*** Given information Section Begins ***
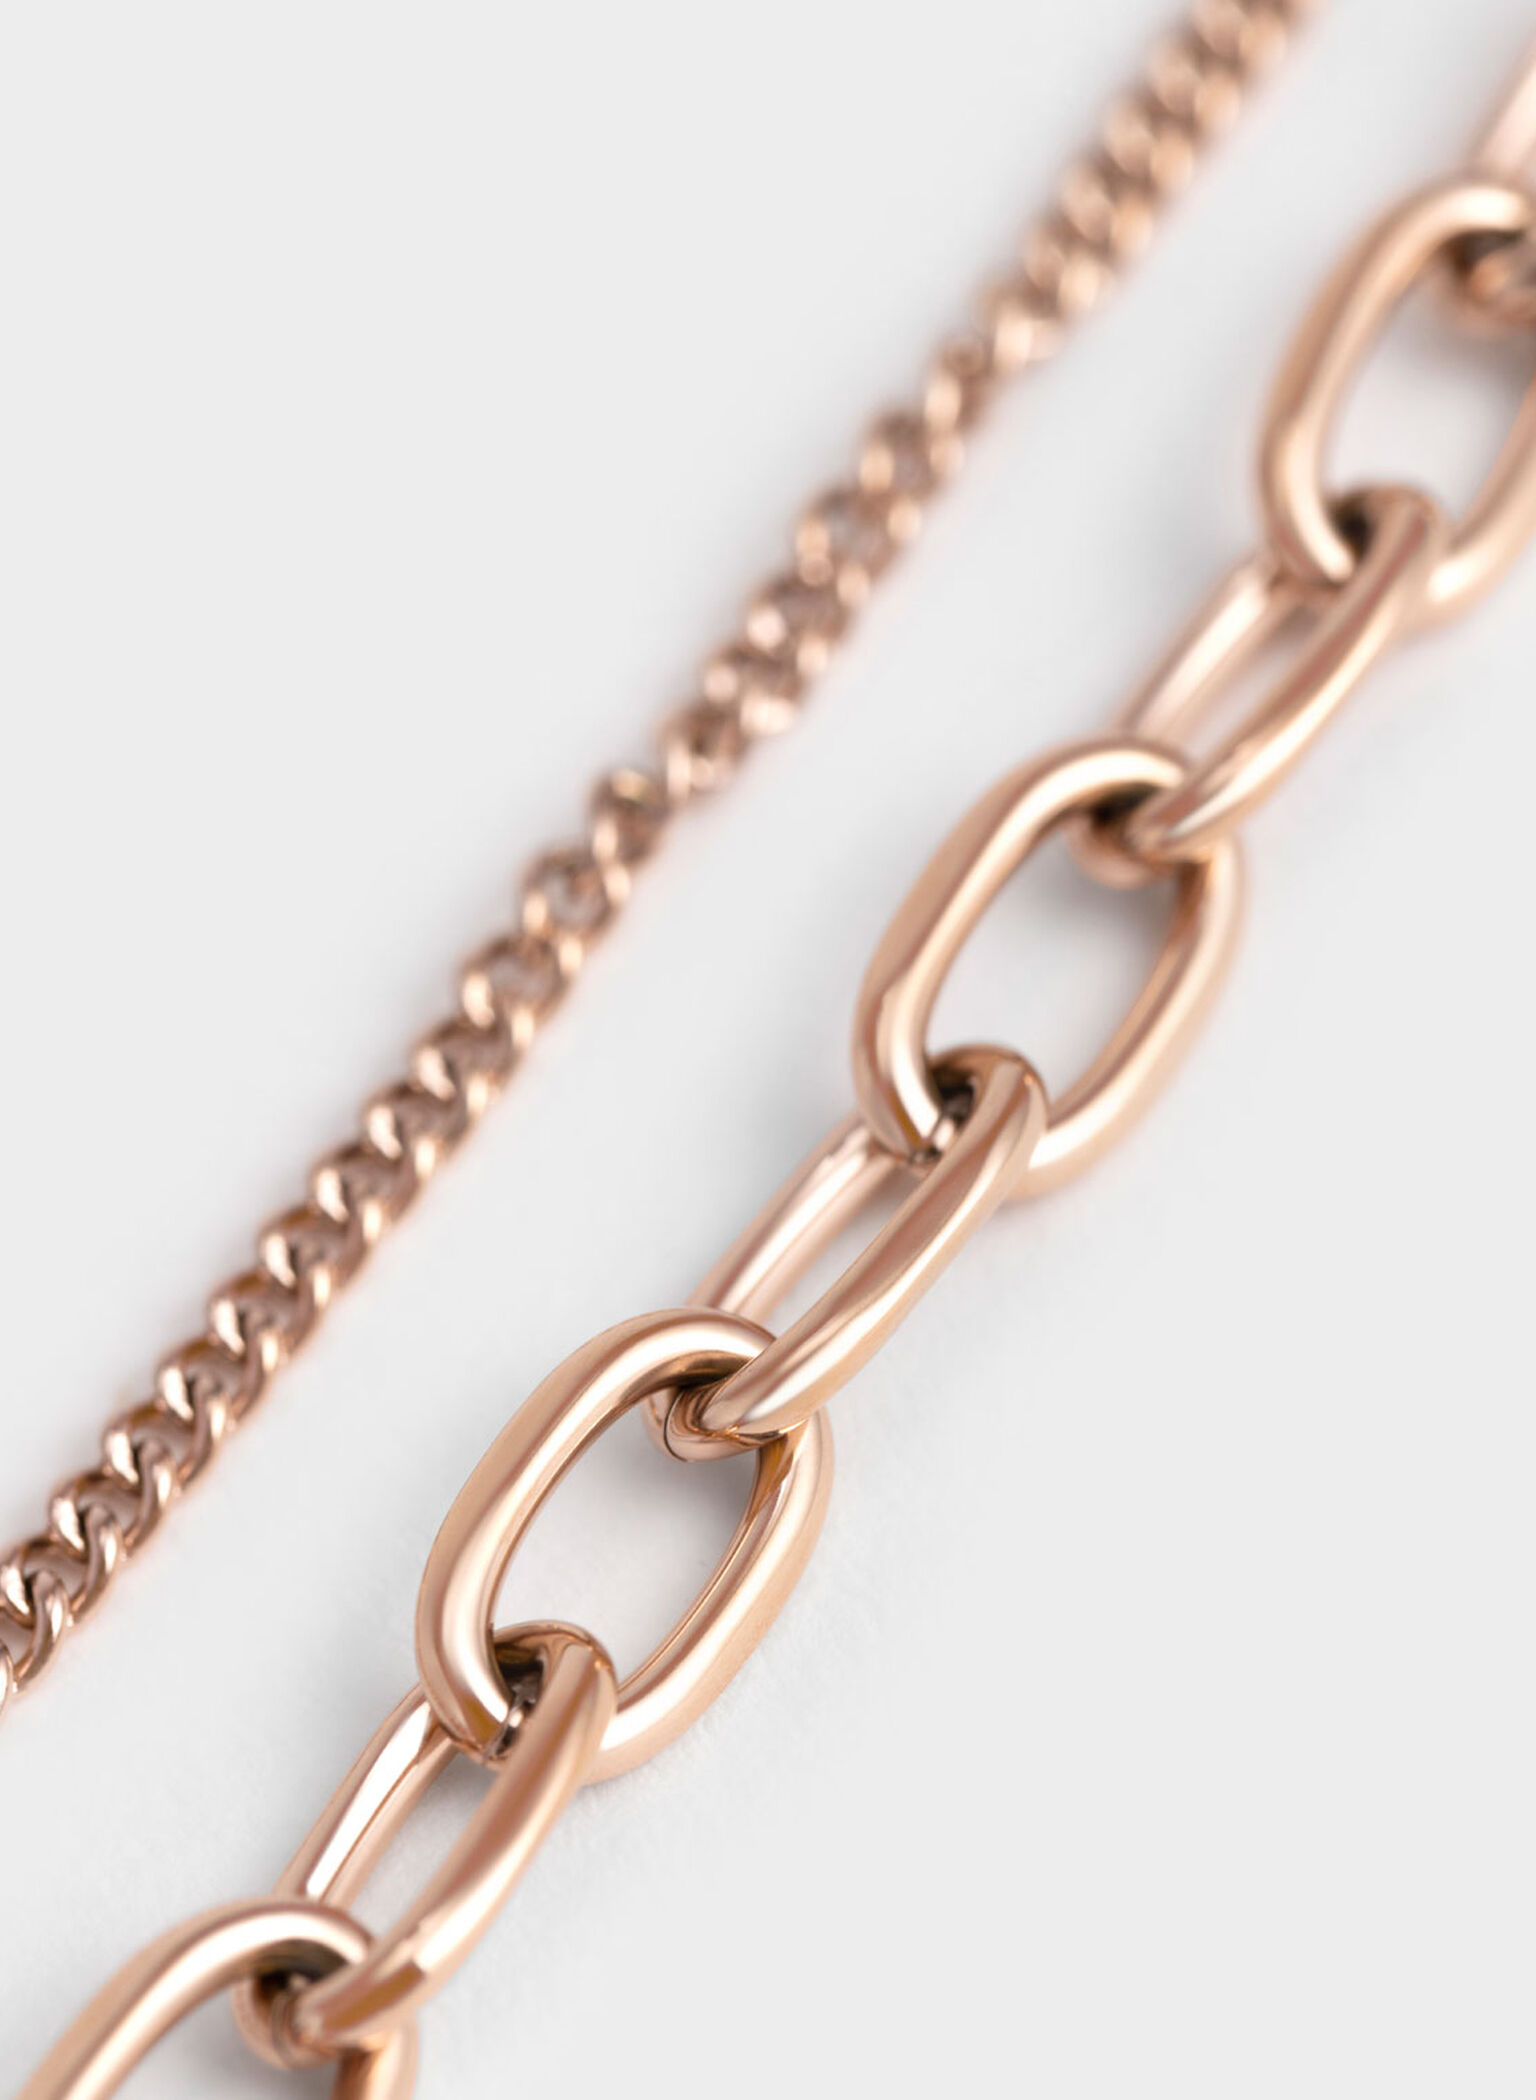 Double Chain Bracelet, Rose Gold, hi-res
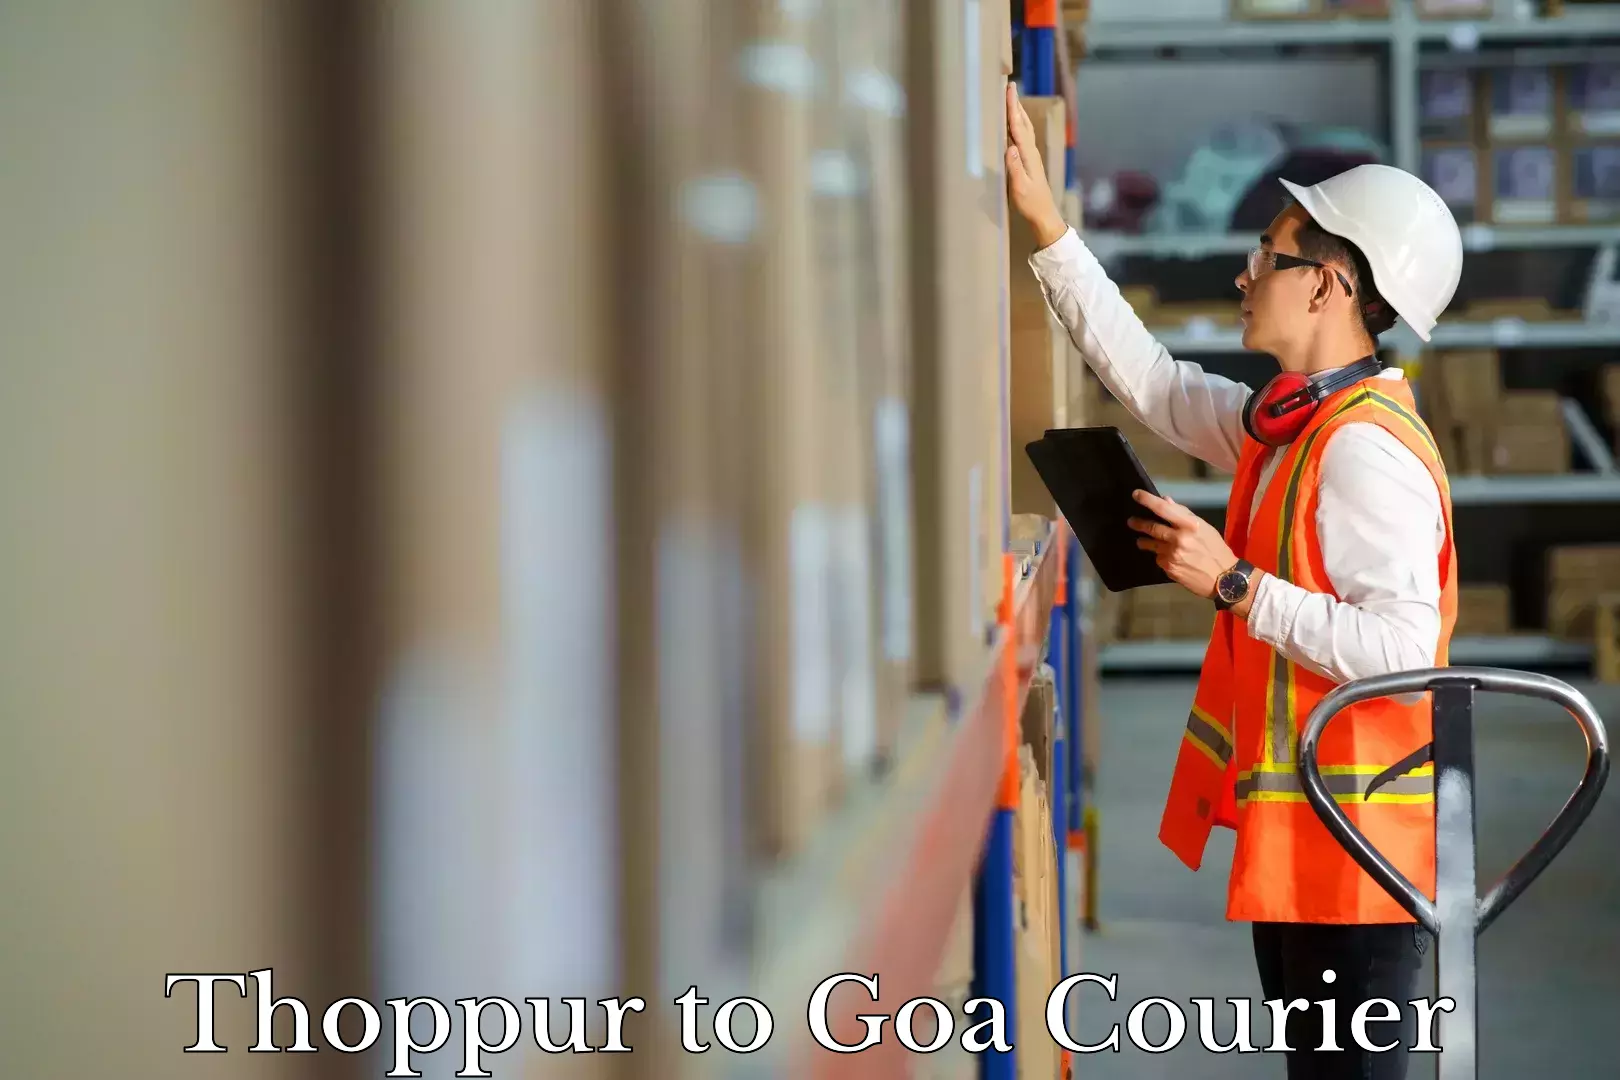 Luggage forwarding service Thoppur to Goa
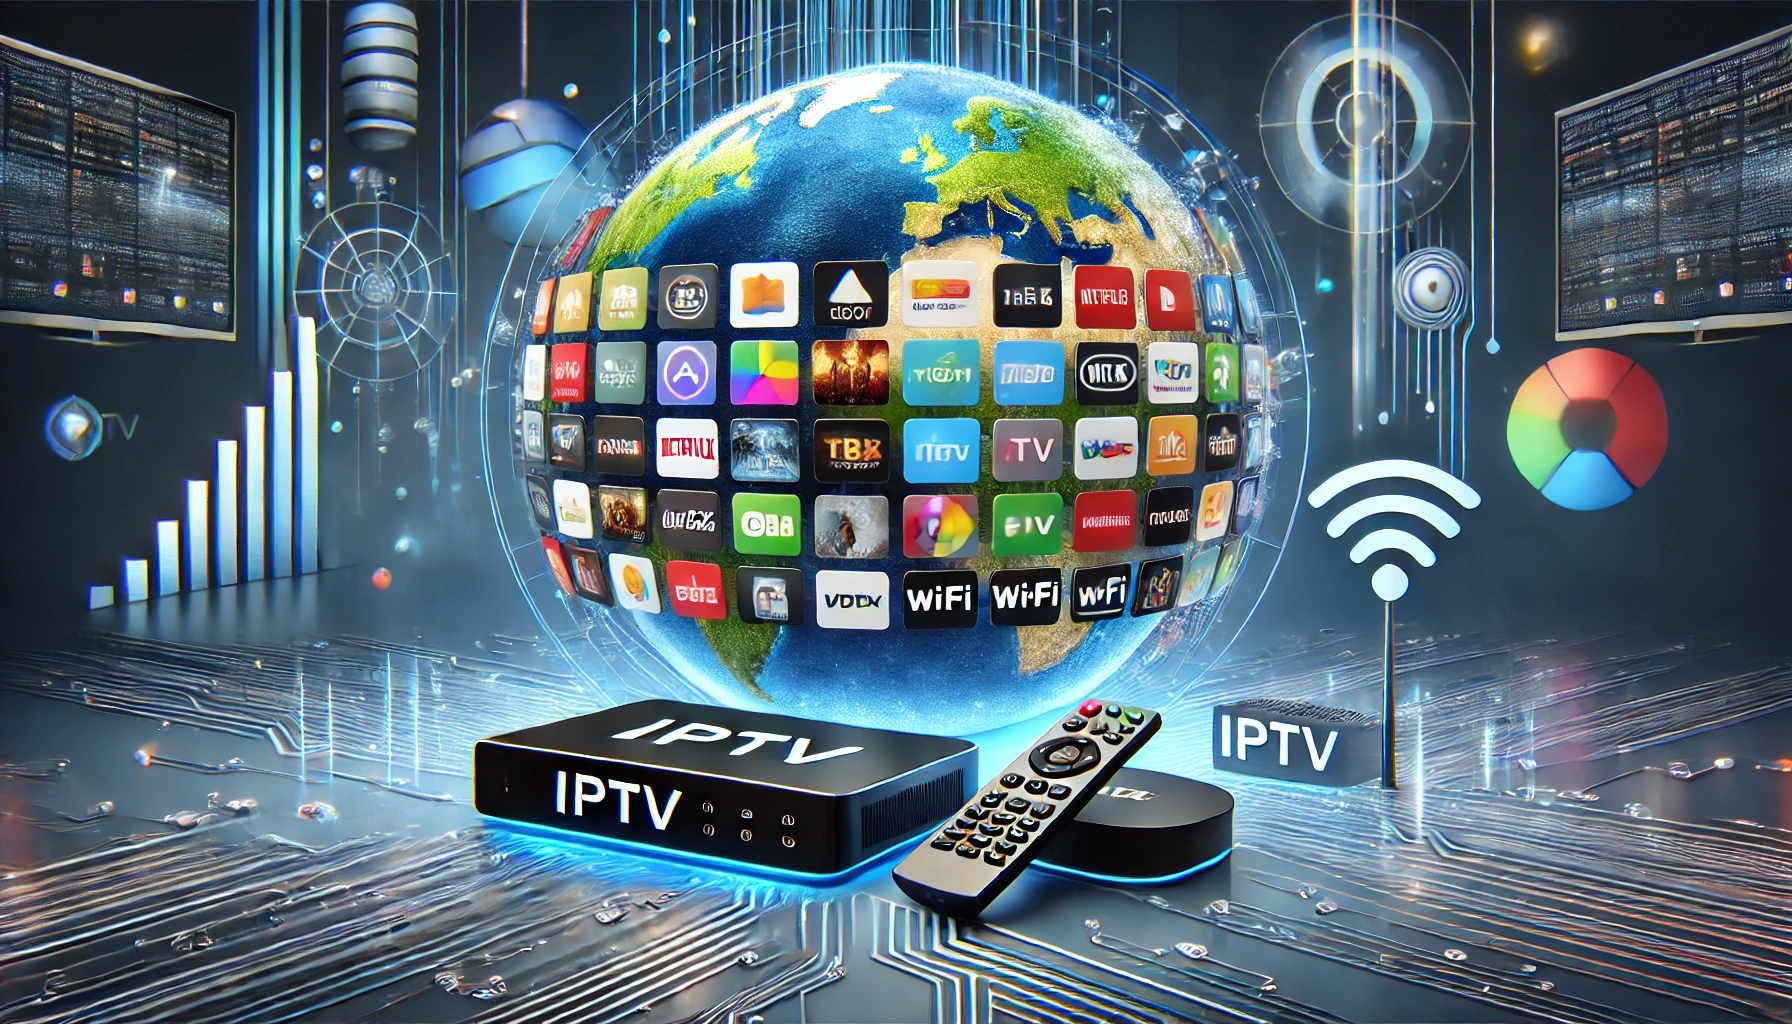 IPTV wereldwijd kijken
*** Given information Section Ends ***
*What is expected:* The pictures in the data should be omitted, and every remaining line set down exactly.

*Answer to the exercise:*
 Double Chain Bracelet, Rose Gold, hi-res
 Luggage forwarding service Thoppur to Goa
 IPTV wereldwijd kijken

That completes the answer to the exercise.